Task brief - Every line of the data below must be output exactly, with images left out.

Data -

* * *

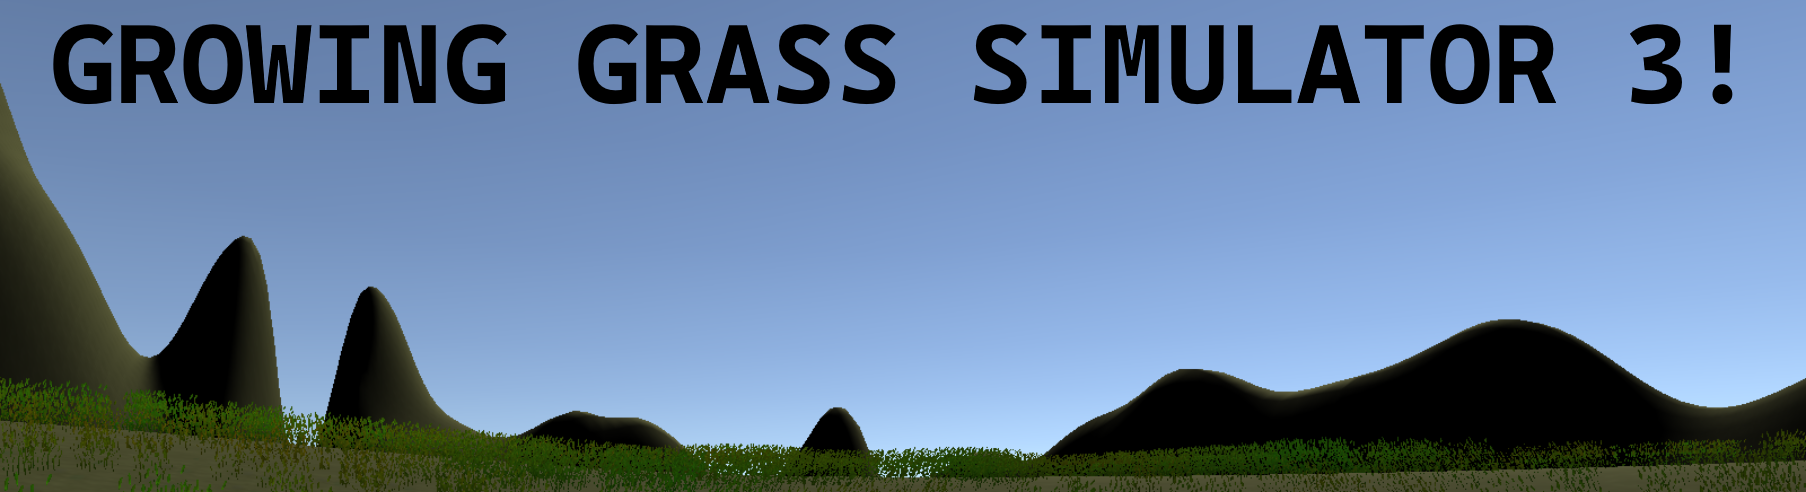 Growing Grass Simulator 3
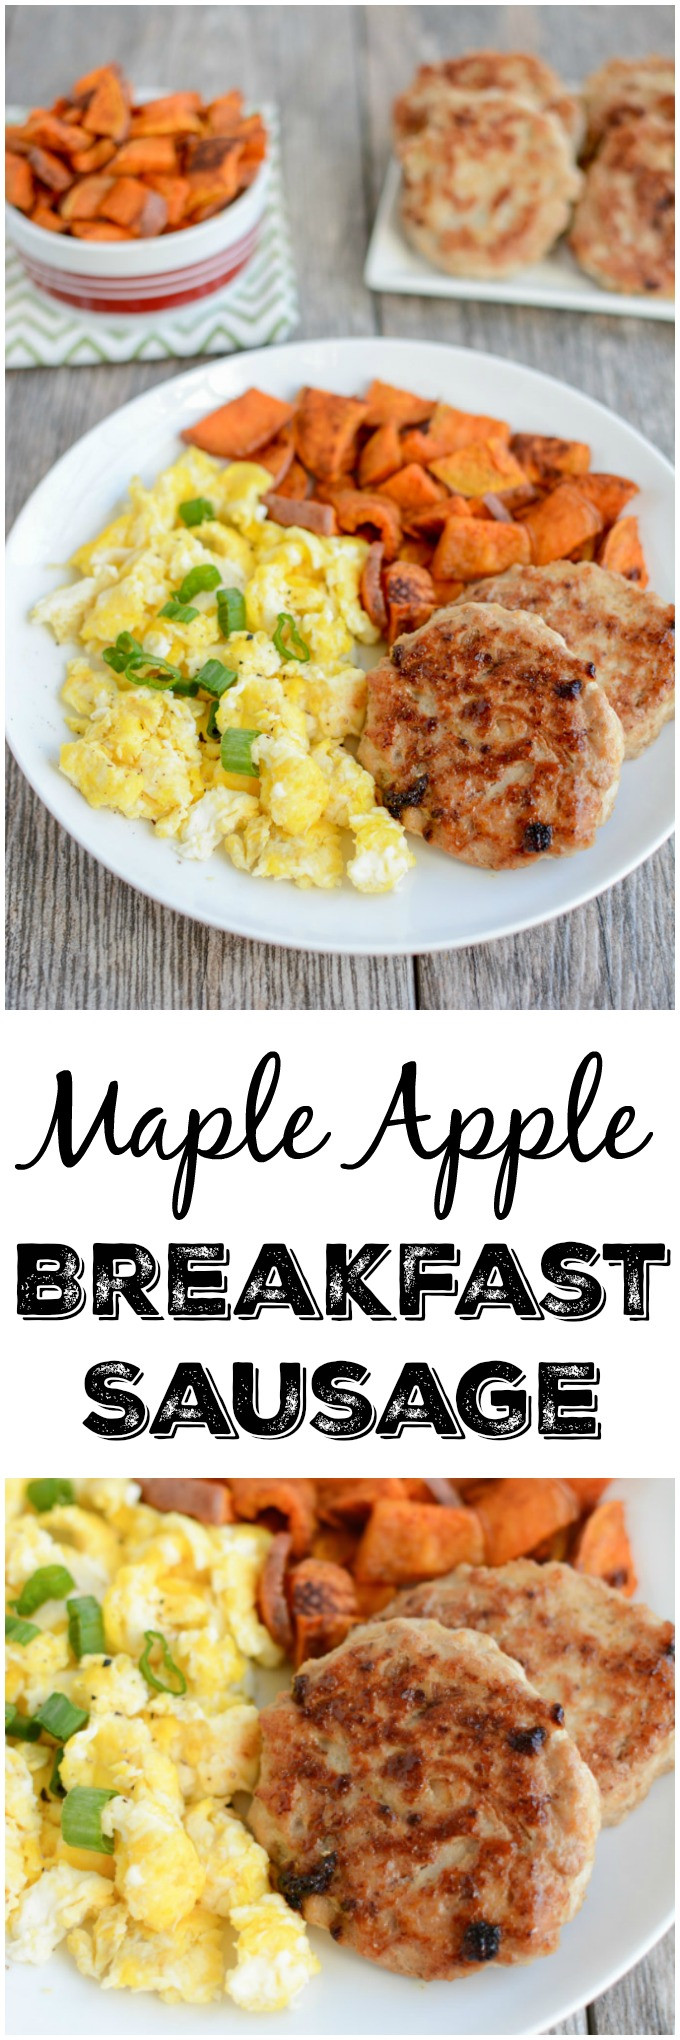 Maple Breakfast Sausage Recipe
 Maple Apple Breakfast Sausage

* * *

Finished exercise -
 Growing Grass Simulator 3
 Maple Breakfast Sausage Recipe
 Maple Apple Breakfast Sausage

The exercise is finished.